For biologic therapy: the Galluzzo 2016 finding specifically highlighted "absence of AA genotype" (which in plus-strand notation corresponds to absence of TT genotype) as predictive of better ustekinumab response. TG carriers fall in the favourable group. This provides actionable pharmacogenomic guidance for biologic selection conversations.
Homozygous for the IL12B risk allele — highest susceptibility at this locus, attenuated ustekinumab response
The TT genotype reflects homozygosity for the regulatory state that maximally amplifies IL12B transcription. The 12.5-fold expression difference between TT and GG individuals is one of the largest cis-regulatory effects documented at this locus, explaining why rs3212227 shows such a strong statistical signal in GWAS despite being a common variant. Functionally, elevated IL12B drives enhanced Th1 polarization through IL-12/IFN-γ signaling, but paradoxically also reduces IL-23 (the shared p40 is more often incorporated into IL-12 than IL-23 dimers when overproduced), creating a Th1-dominant inflammatory environment in psoriatic skin.

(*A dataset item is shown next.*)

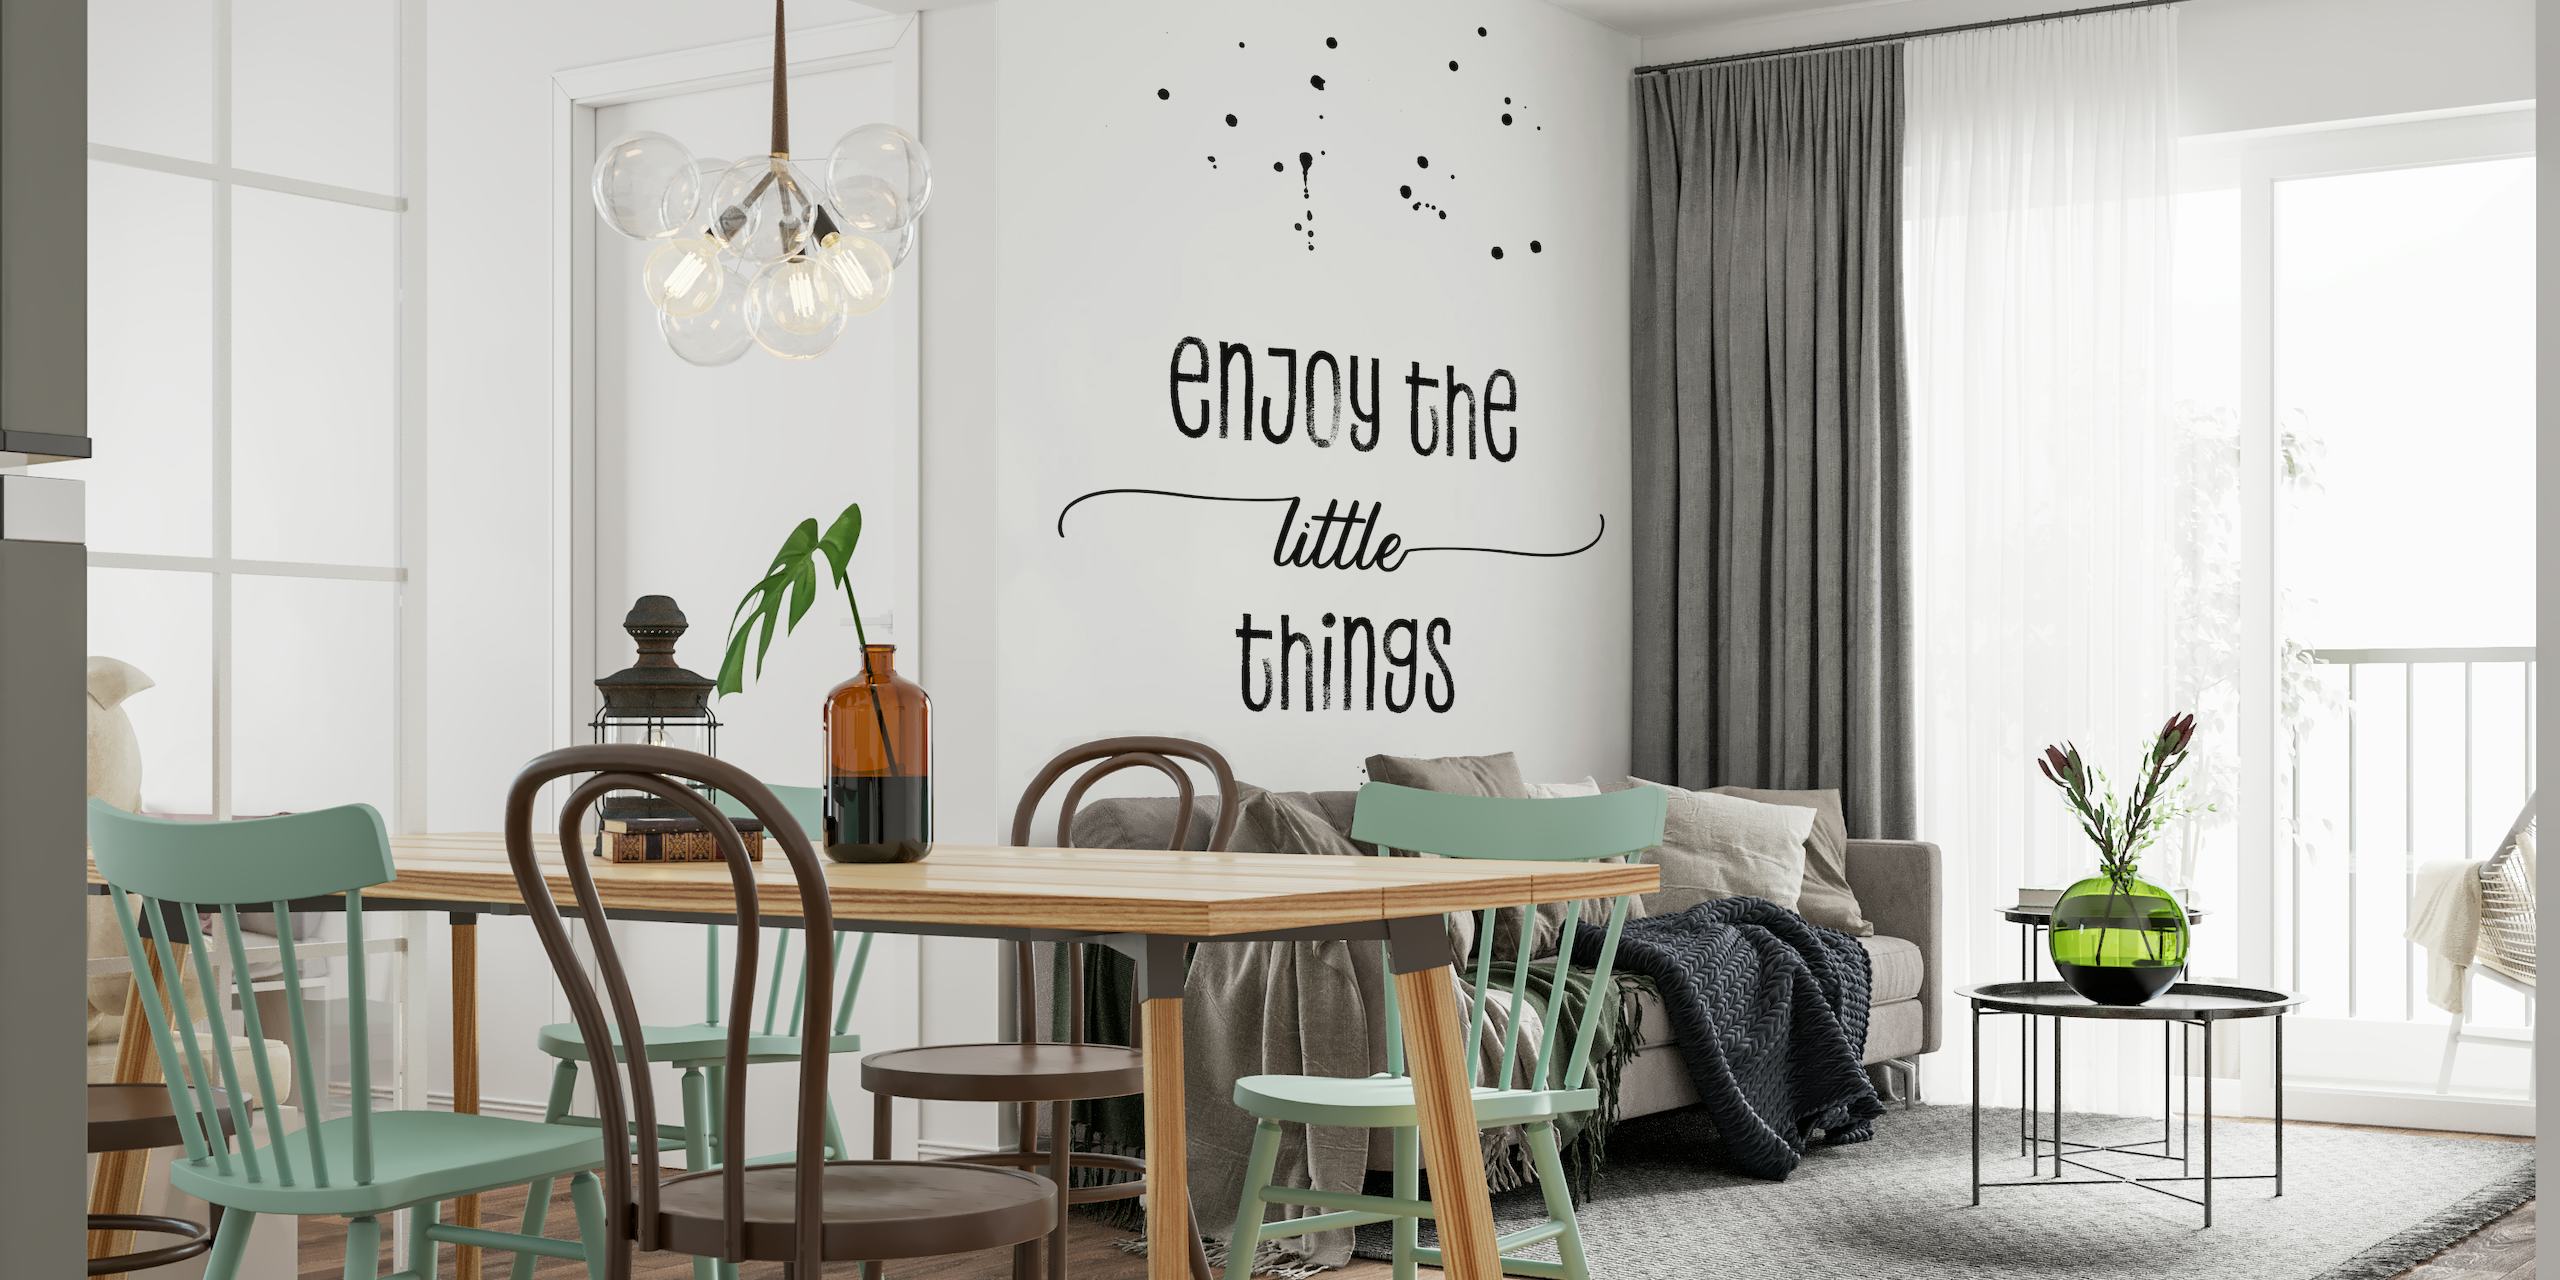 Enjoy the little things wallpaper

For biologic therapy: ustekinumab blocks the p40 subunit encoded by IL12B. TT homozygotes have the most p40 target available for ustekinumab binding, which might seem advantageous, but the Galluzzo 2016 data show attenuated early response for individuals lacking the protective G allele. This may reflect the magnitude of the inflammatory signal exceeding what standard dosing can fully suppress at early time points. Longer treatment or dose escalation may normalize outcomes. Guselkumab (anti-p19) and risankizumab (anti-p19) target only the IL-23-specific subunit; their efficacy may be less directly influenced by IL12B expression levels.
The psoriatic arthritis association (OR ~1.4–1.6 across studies) means TT carriers with any skin psoriasis should actively monitor for joint symptoms — nail pitting, dactylitis, and inflammatory back pain are early signs that precede structural joint damage.